RAMALLAH, Sept 22: President Yasser Arafat declared a commitment to reaching a total ceasefire with Israel in a letter given to envoys of the peacemaking “Quartet”, Palestinian officials said on Monday.
But the letter cited conditions, including an international observer force to help enforce US-led peace moves, that Israel has already rejected. Israeli officials swiftly dismissed Arafat’s initiative as a ploy to avoid threatened expulsion.
The four-month-old “road map” peace plan sponsored by the international Quartet has been stymied by a relapse into tit-for-tat bloodshed in recent weeks with Washington preoccupied by turmoil in occupied Iraq and a looming election campaign at home.
Violence continued heedless of diplomacy by the Quartet, which consists of the European Union, United States, United Nationals and Russia, with Israeli troops killing a wanted Palestinian Islamic militant in the West Bank on Monday.
In a move that could ease tensions with the Palestinians, a deal appeared to be in the making under which Israel may free Marwan Barghouthi, a leader of Arafat’s Fatah faction, in a prisoner exchange with the Lebanese guerrilla group Hezbollah.
A senior Israeli security source told Reuters: “An agreement could be struck soon, but it’s not fixed yet.”
With German mediation, Israel has been negotiating with Hezbollah for the release of an Israeli businessman and the bodies of three soldiers believed to have died after capture on the Lebanese frontier three years ago.

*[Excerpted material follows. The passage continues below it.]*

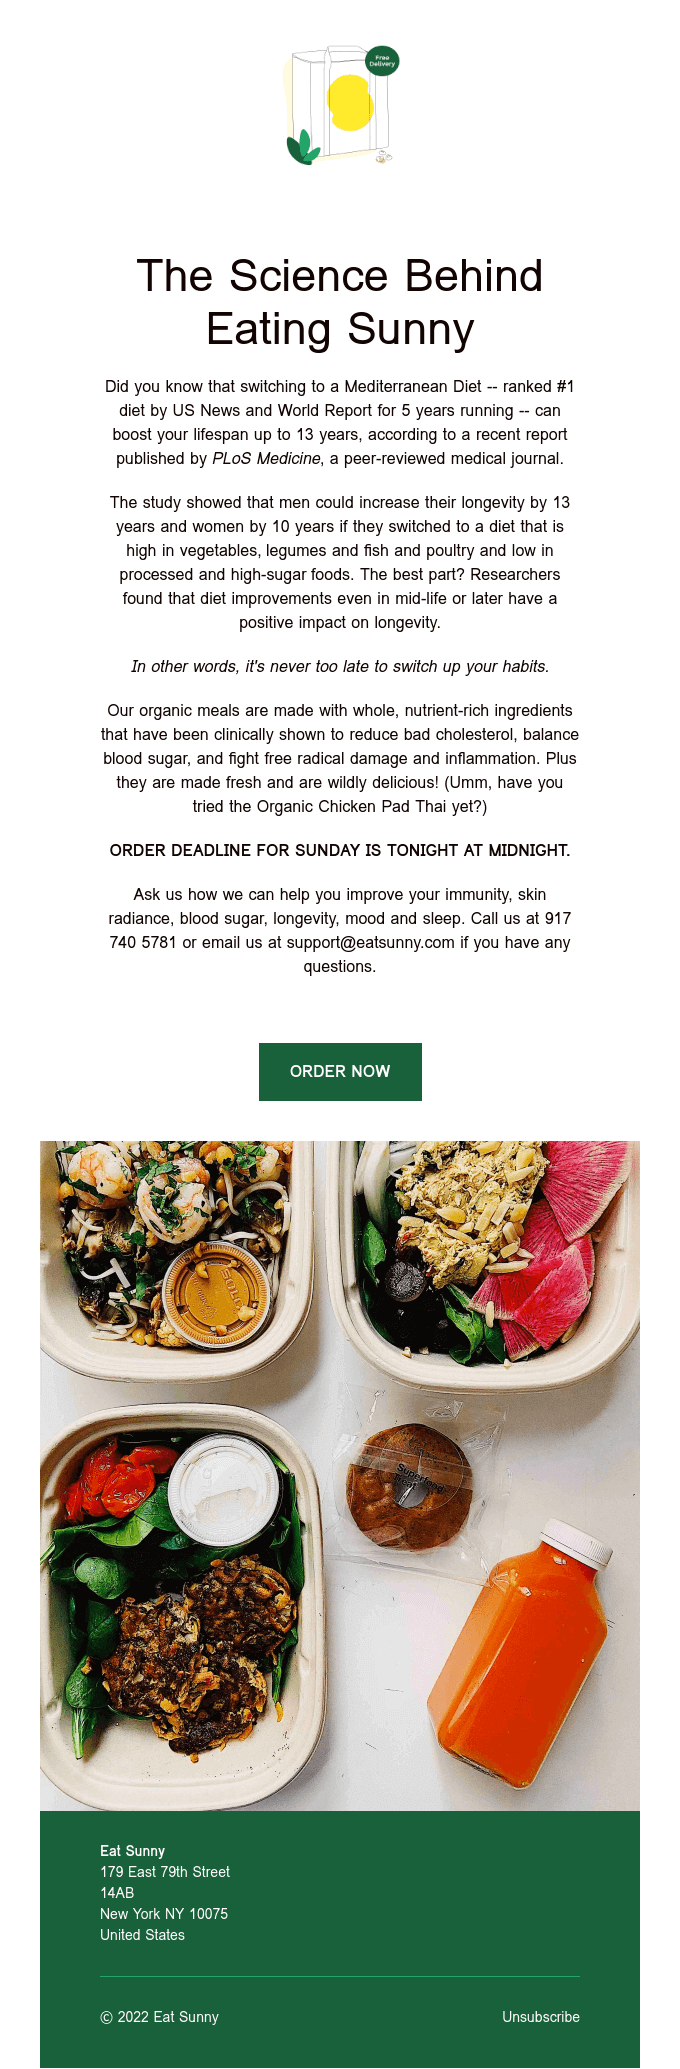 Eat Sunny newsletter email

Israel has also sought information at least on the fate of air force navigator Ron Arad, shot down over Israeli-occupied south Lebanon in 1986. Israeli forces withdrew in May 2000.
Hezbollah has sought the release of 15 Lebanese including guerrilla leaders Sheikh Abdel Karim Obeid and Mustafa Dirani, seized by Israel in 1989 and 1994 as bargaining chips for Arad, as well as Palestinians, Syrians and Jordanians held by Israel.
Barghouthi, a leader of the three-year-old Palestinian uprising for statehood, is on trial in Israel charged with orchestrating killings of 26 Israelis. He denies involvement in violence.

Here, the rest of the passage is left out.